# Hawthorne/ Orange is the new Red.



## rustyspoke66 (May 14, 2017)

So this bike was on the Cabe last year for sale. I picked it up and just last week decided to see what was under the silver paint. Low and behold it actually looks pretty good.


----------



## Rust_Trader (May 14, 2017)

Wow that's neat!:eek:


----------



## rustyspoke66 (May 14, 2017)

I thought the front fork tip modification was kinda crazy but they actually did a descent job.


----------



## SKIDKINGSVBC (May 14, 2017)

Nice job!  Love the color ...Is it a non horn tank?


----------



## THEGOLDENGREEK (May 14, 2017)

You did an amazing job@ looks awesome!!


----------



## rusty.kirkpatrick (May 14, 2017)

Awesome colors.


----------



## markivpedalpusher (May 14, 2017)

Nice save!!


----------



## Awhipple (May 14, 2017)

I love these before and after pics.


----------



## rollfaster (May 14, 2017)

Nice job on a great bike!


----------



## rustyspoke66 (May 14, 2017)

SKIDKINGSVBC said:


> Nice job!  Love the color ...Is it a non horn tank?



It is a horn tank and also has switch for the lights.


----------



## Hawthornecrazy (May 15, 2017)

That is fantastic, great job I love the color combo on it...


----------



## Krakatoa (May 15, 2017)

Wow X 10 nice work! Looks Snyder built. Every new old Hawthorne I see here lately makes me like this badge better. Really cool bike.


----------



## Gsbecker (May 16, 2017)

Very coll!
Actually the model and color I am looking for...let me know if you wish to sell!


----------



## rustyspoke66 (May 16, 2017)

It will most likely be for sale as soon as it's done and I take it for a few rides for the experience of it all.


----------



## Rides4Fun (May 16, 2017)

Very nice work....love the original color scheme!


----------



## vincev (May 16, 2017)

SWEET !!


----------



## Tim the Skid (May 16, 2017)

nice work, Jeff.  Hope you have it done by the swap meet in June. great color scheme.


----------



## azbug-i (May 16, 2017)

This is awesome!


----------



## kreika (May 16, 2017)

That's the same bike? Wow!  If your at liberty, what worked that well on the silver paint?  I'm looking to remove some red spray paint.


----------



## rustyspoke66 (May 18, 2017)

I hope to have it on the road by June. I gently used lacquer thinner to remove the silvery paint.


----------



## ricobike (May 18, 2017)

rustyspoke66 said:


> I thought the front fork tip modification was kinda crazy but they actually did a descent job.
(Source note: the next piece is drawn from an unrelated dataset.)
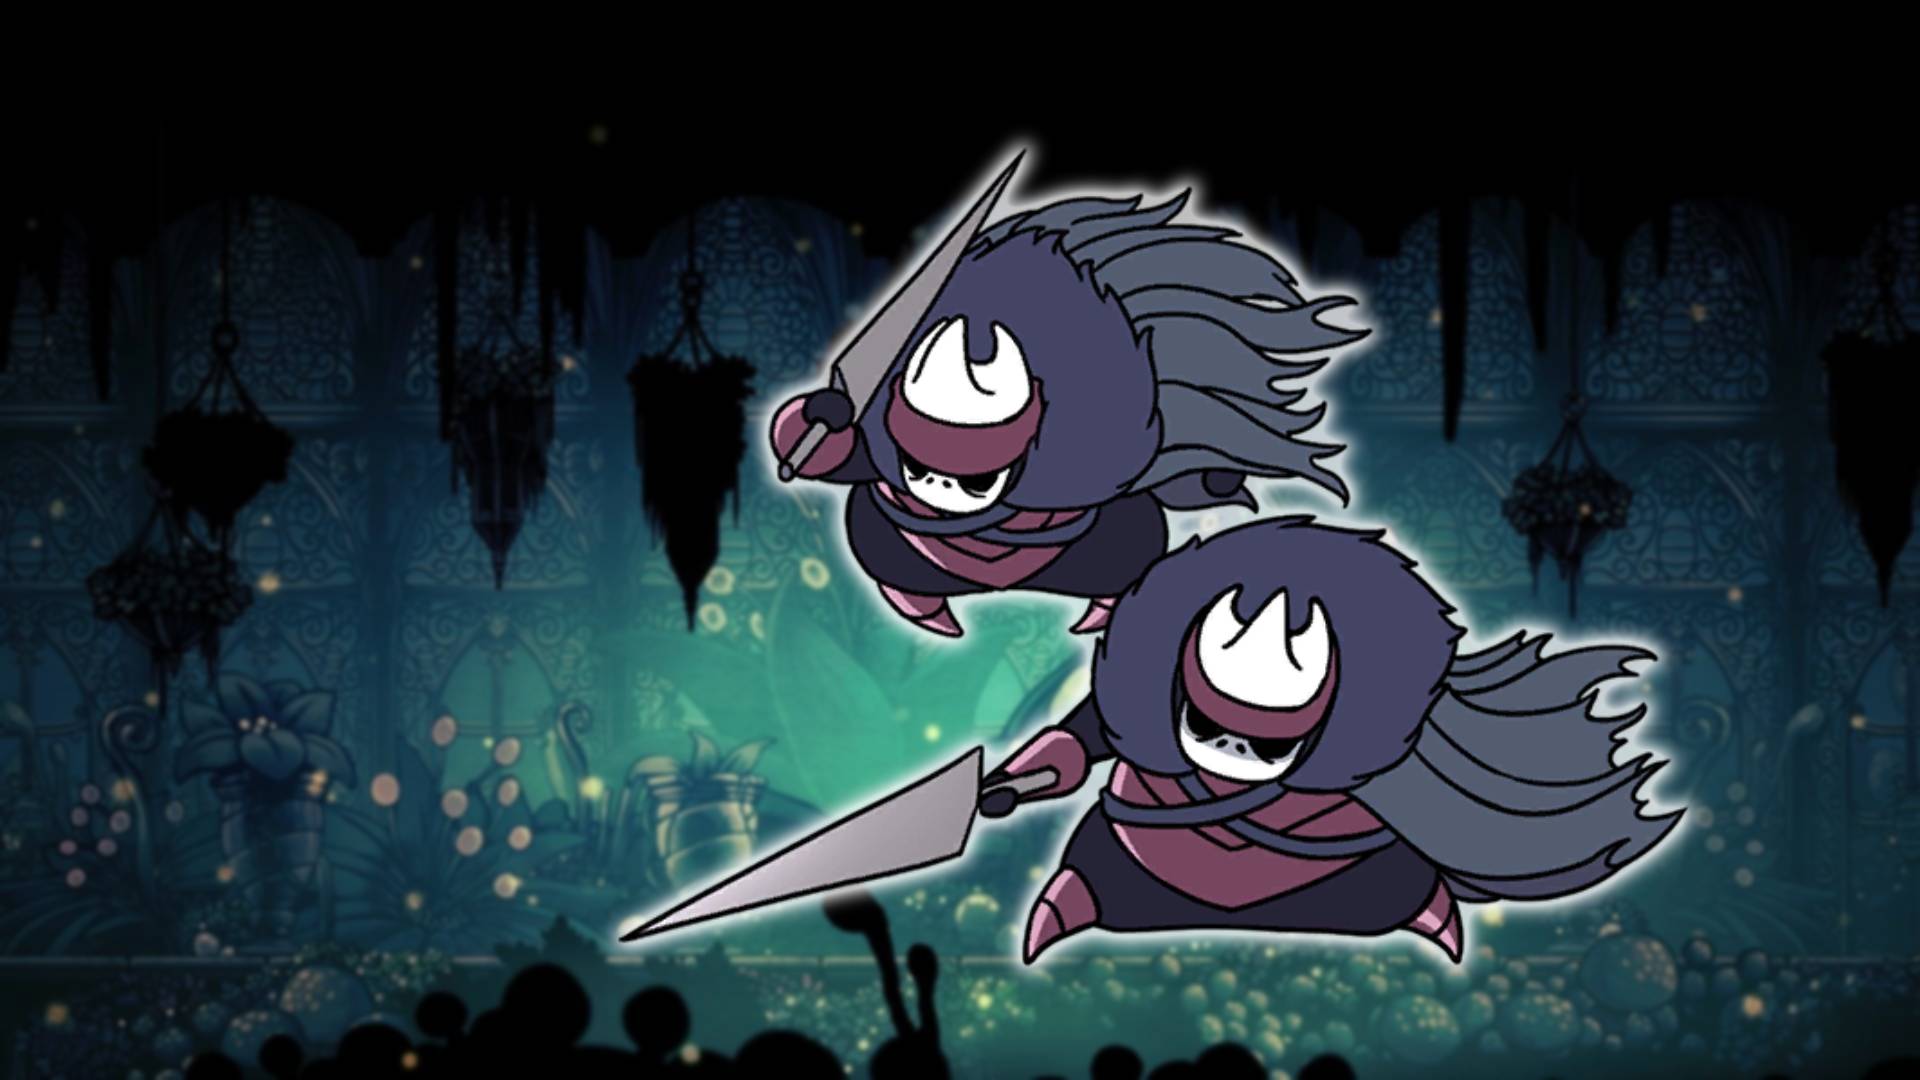 Brothers Oro & Mato - the Hollow Knight boss, is visible against a mossy green background area from Hollow Knight

That is crazy.  Why do you suppose they went to the trouble to do that?


----------



## rustyspoke66 (May 19, 2017)

Well as a kid I know of a few times I set out to improve on something and failed. Maybe someone was a big fan of the tin man?


----------



## mfhemi1969 (Jun 11, 2017)

rustyspoke66 said:


> So this bike was on the Cabe last year for sale. I picked it up and just last week decided to see what was under the silver paint. Low and behold it actually looks pretty good.
> View attachment 466571 View attachment 466576 View attachment 466578



Wow!  Great clean up this one, Looks great!


----------



## the2finger (Jun 11, 2017)

WOW! How did you get the house paint off


----------



## Krakatoa (Jun 12, 2017)

the2finger said:


> WOW! How did you get the house paint off






rustyspoke66 said:


> I gently used lacquer thinner to remove the silvery paint.


----------



## the2finger (Jun 12, 2017)

lacquer thinner, gotta try that i never knew it worked


----------



## rustyspoke66 (Jun 17, 2017)

Just be careful and try it somewhere inconspicuous.


----------



## 56 Vette (Jun 19, 2017)

What a transformation! Awesome job!


----------



## Hawthornecrazy (Jun 20, 2017)

That is a great looking bike. Very nice job on the save.


----------



## Oilit (Jun 21, 2017)

The more I look at those fork tips the more bepuzzled I get. As you say, it looks like someone did it who knew what they were doing, but that still doesn't explain _WHY_ they did it. Have you got a close-up?


----------



## morton (Aug 12, 2017)

Oilit said:


> The more I look at those fork tips the more bepuzzled I get. As you say, it looks like someone did it who knew what they were doing, but that still doesn't explain _WHY_ they did it. Have you got a close-up?





Just a guess....

Could it be the dropouts were a "closed circle" instead of being open at the bottom for easier wheel remover?

I know it would be easier to just cut a slot, but who knows with amateur mods?


----------



## Dave Stromberger (Aug 12, 2017)

morton said:


> Just a guess....
> 
> Could it be the dropouts were a "closed circle" instead of being open at the bottom for easier wheel remover?
> 
> I know it would be easier to just cut a slot, but who knows with amateur mods?




These pre-war CWC springer fork legs were made of steel tubing that was a bit too thin. The dropouts were just the tubing crimped flat, with a hole or slot. They were prone to cracking, since the legs could actually flex independently from each other. Bad design! I've got a handful of these forks, some with the cracks and gobbled welding repairs.


----------